Как год назад в Нерви столовая, так теперь гостиная наша была полна ворохов цветной, серебряной и золотой бумаги, и мы вечерами клеили елочные украшения. Тут же громоздились глубокие картонные коробки, полные прежних чудес, шелеста, шуршаний и блеска… Скоро, скоро – «Ноэль»[27]!

Стояла зима. Лежал снег, и улицы Лозанны были сказочны, как на картинках любимой Марусиной книги «Давид Копперфильд». Мы на прогулках с м-ль Маргерит останавливались перед витринами магазинов, игрушечных, писчебумажных, и смотрели на обрамленные искрами морозных узоров предметы, пригодные стать подарками друг другу (везде меж пансионерок был шепот, улыбки, тайны). В магазине Макка – коробки сургуча всех цветов: серебряного, бронзового, золотистого, коробки всевозможной бумаги для писем, с конвертами всех фасонов, цветов, с блеском, тонких и толстых. Чернильницы в виде собак, лошадей, кошек, птиц, человечков. Альбомы для стихов, для рисования, для открыток. Шкатулки от деревянных до перламутровых и черепаховых, блестящие, резные с выпуклыми альпийскими цветами, плюшевые. Разрезательные ножи, карандаши в причудливых футлярах и россыпь перочинных ножей (опять черепаха и перламутр, кость, металл, дерево). А книги! Прильнув к прилавку, как в Москве у Вольфа, жадно глотаем французские названия: «Серебряные коньки», знакомое с детства «Без семьи», Голландия, кораблекрушения, море и хижина рыбаков. В переплетах синих и голубых, темно-красных, зеленых с золотом. А снег, как в России, вьется, хлещет, щеки горят, и везде – предпраздничная суета у запушенных инеем витрин. Выходим нагруженные пакетами, в двери с вертушкой, пропускающие выходящих по одному. Таких дверей в России мы не видели, это ново и весело.

Наша пансионская елка стоит убранная, закрытая в гостиной. Старшие, сюрпризом для нас, убрали ее и закрыли. Вечером она будет гореть, и будут бенгальские свечи, обмен подарками, песни, торты, яблочное вино. Да, но до елки у пансионерок есть дело: младшие понесут из дома елочку, убранную, блестящую, и угощение в бедную семью к консьерж (привратнице). Как забыть восторг ее сына и дочки при виде нас, вносящих нежданно в раскрытые двери – праздник?
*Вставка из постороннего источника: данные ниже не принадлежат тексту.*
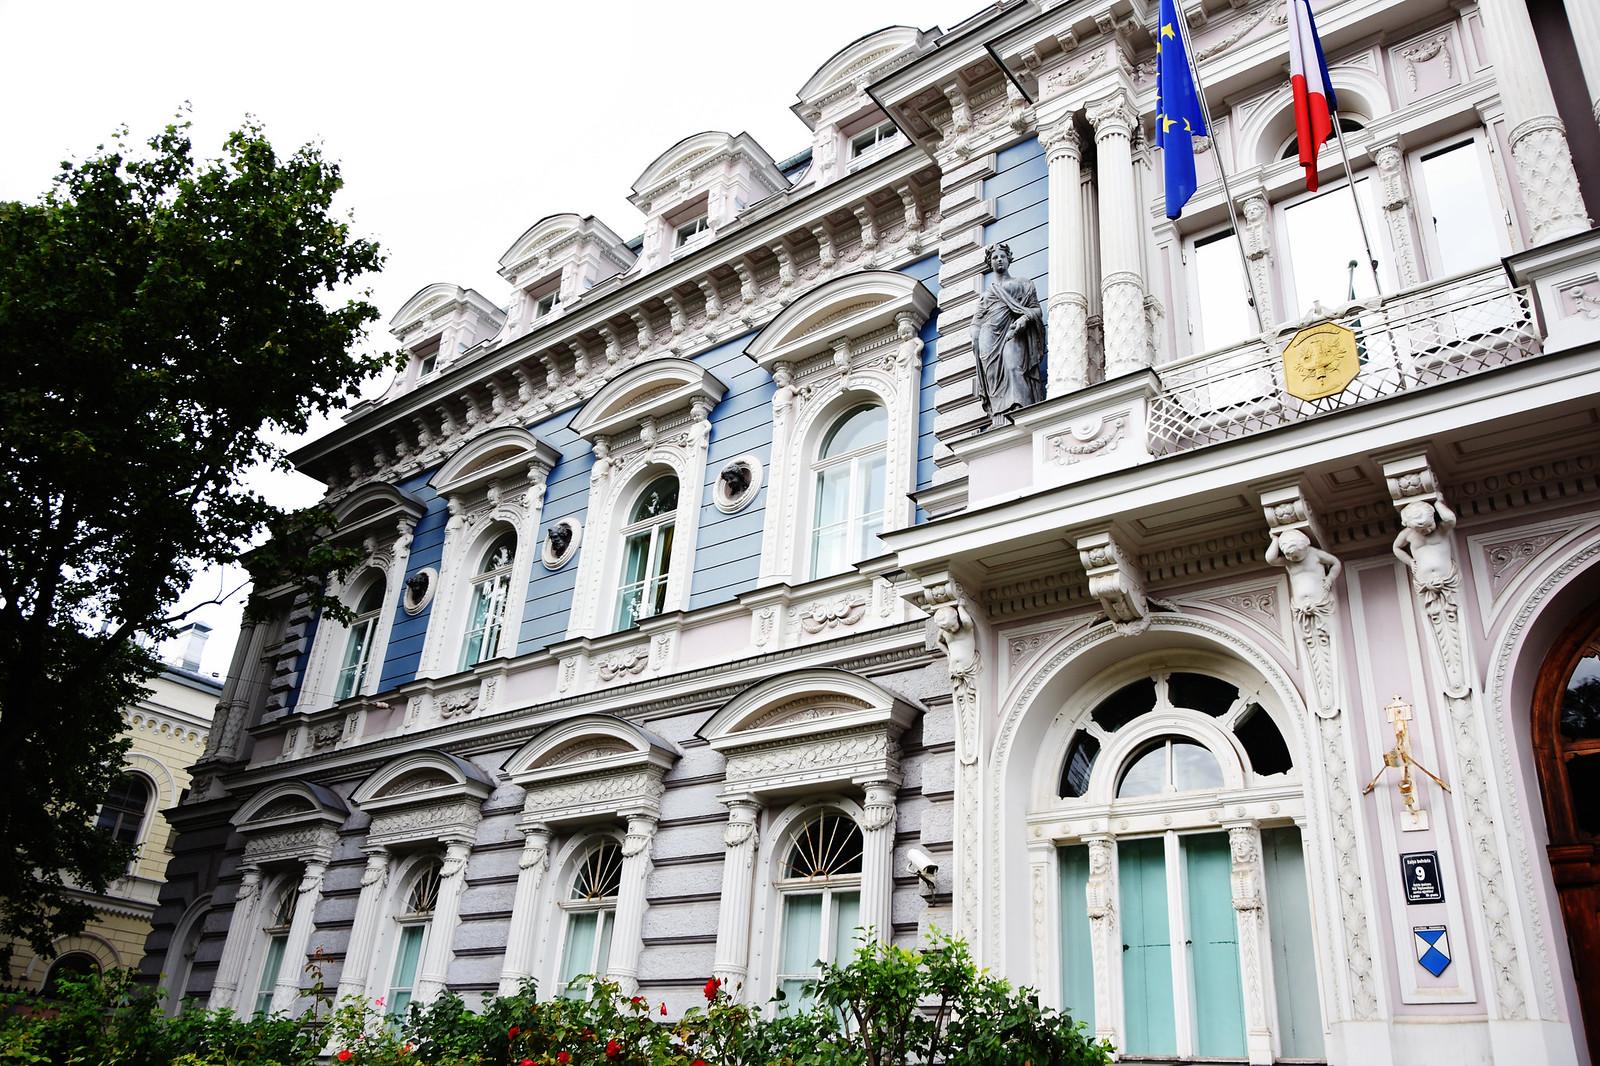 French ambassady
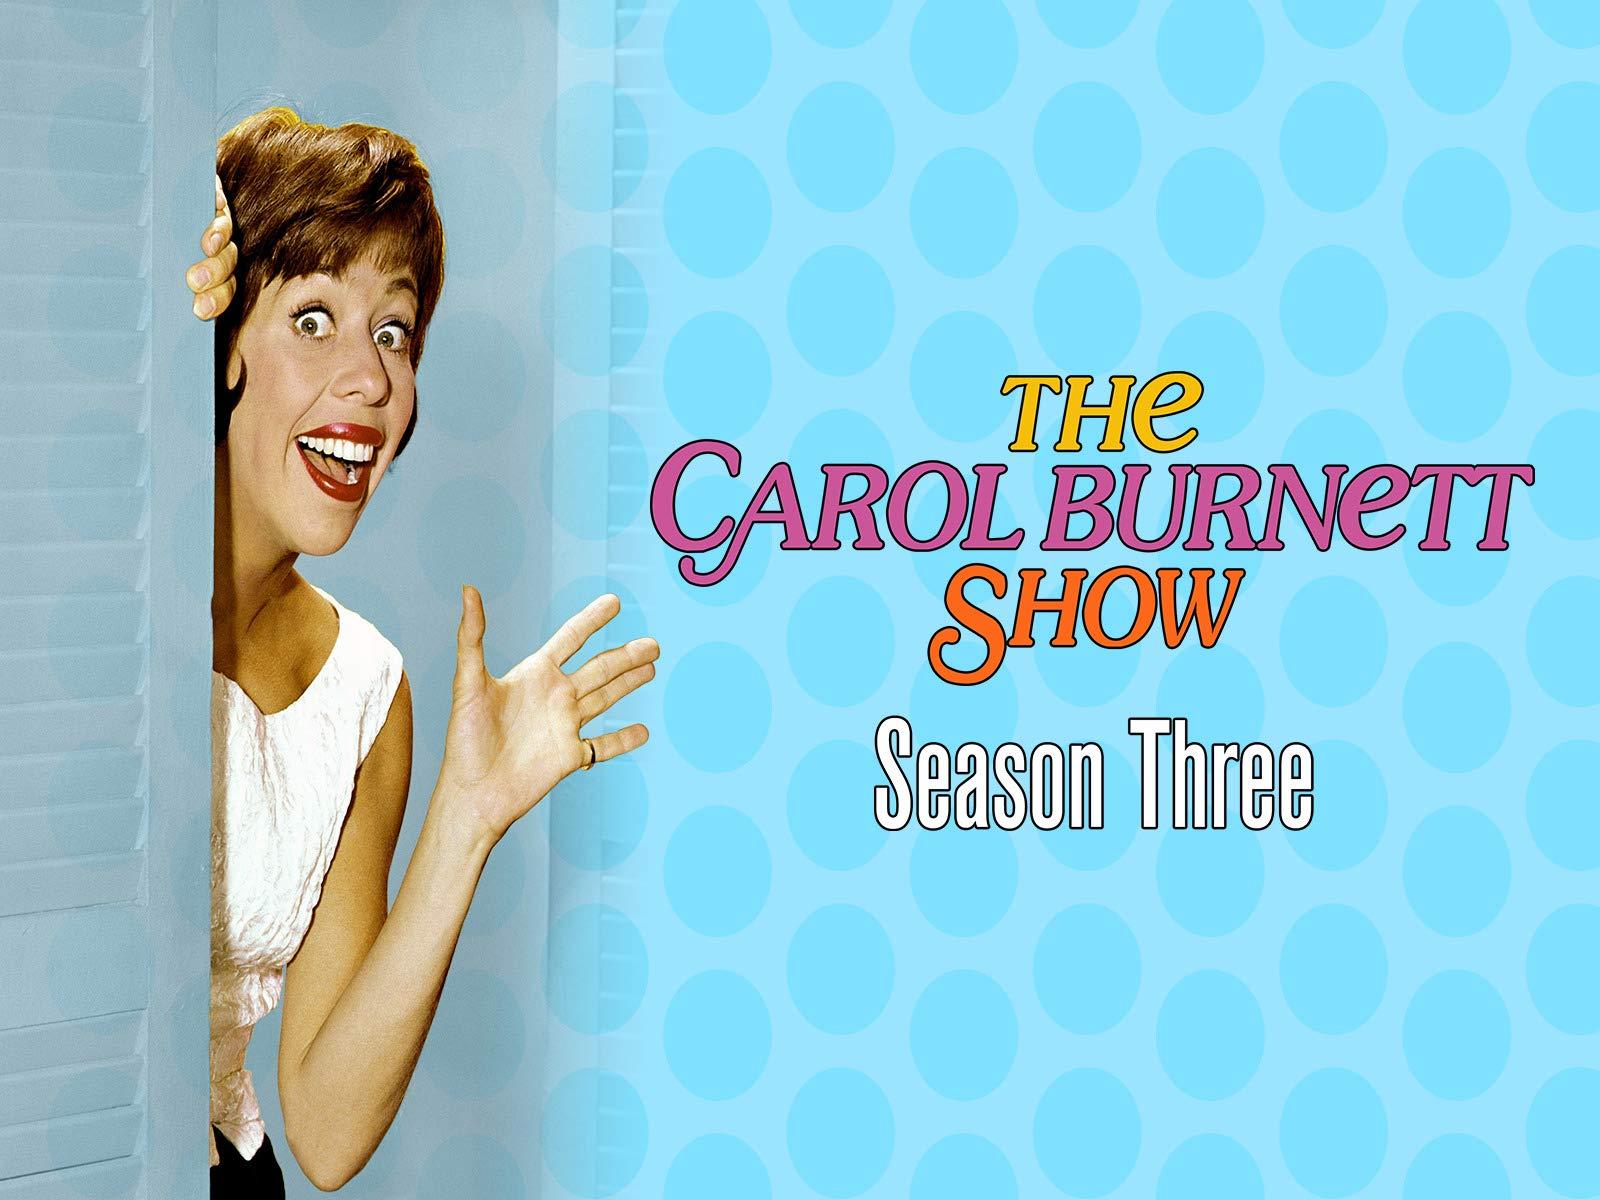 The Carol Burnett Show - Season 3

В один, кажется воскресный, день нас – Мусю и меня – вызвали вдруг в гостиную. «К вам пришел ваш русский знакомый, – сказали нам, – он из города, где лечится ваша мама. Причешитесь скорее и идите, он вас ждет». С бьющимися сердцами мы сошли вниз по лестнице. В гостиной стоял нервийский Кричевский. Все тот же, высокий и плотный, с кудрявой головой, немного неловкий, с таким большим телом и такой застенчивый, точно мальчик. Весело двинулся он нам навстречу и остановился в недоумении. Он хотел что-то сказать и запнулся.

– Здравствуйте, – сказали мы вежливо и ступили к нему. Острая жалость пронзила нас. Такой добрый, приехал… Но не верит в Бога, смеется над Богом, он – враг.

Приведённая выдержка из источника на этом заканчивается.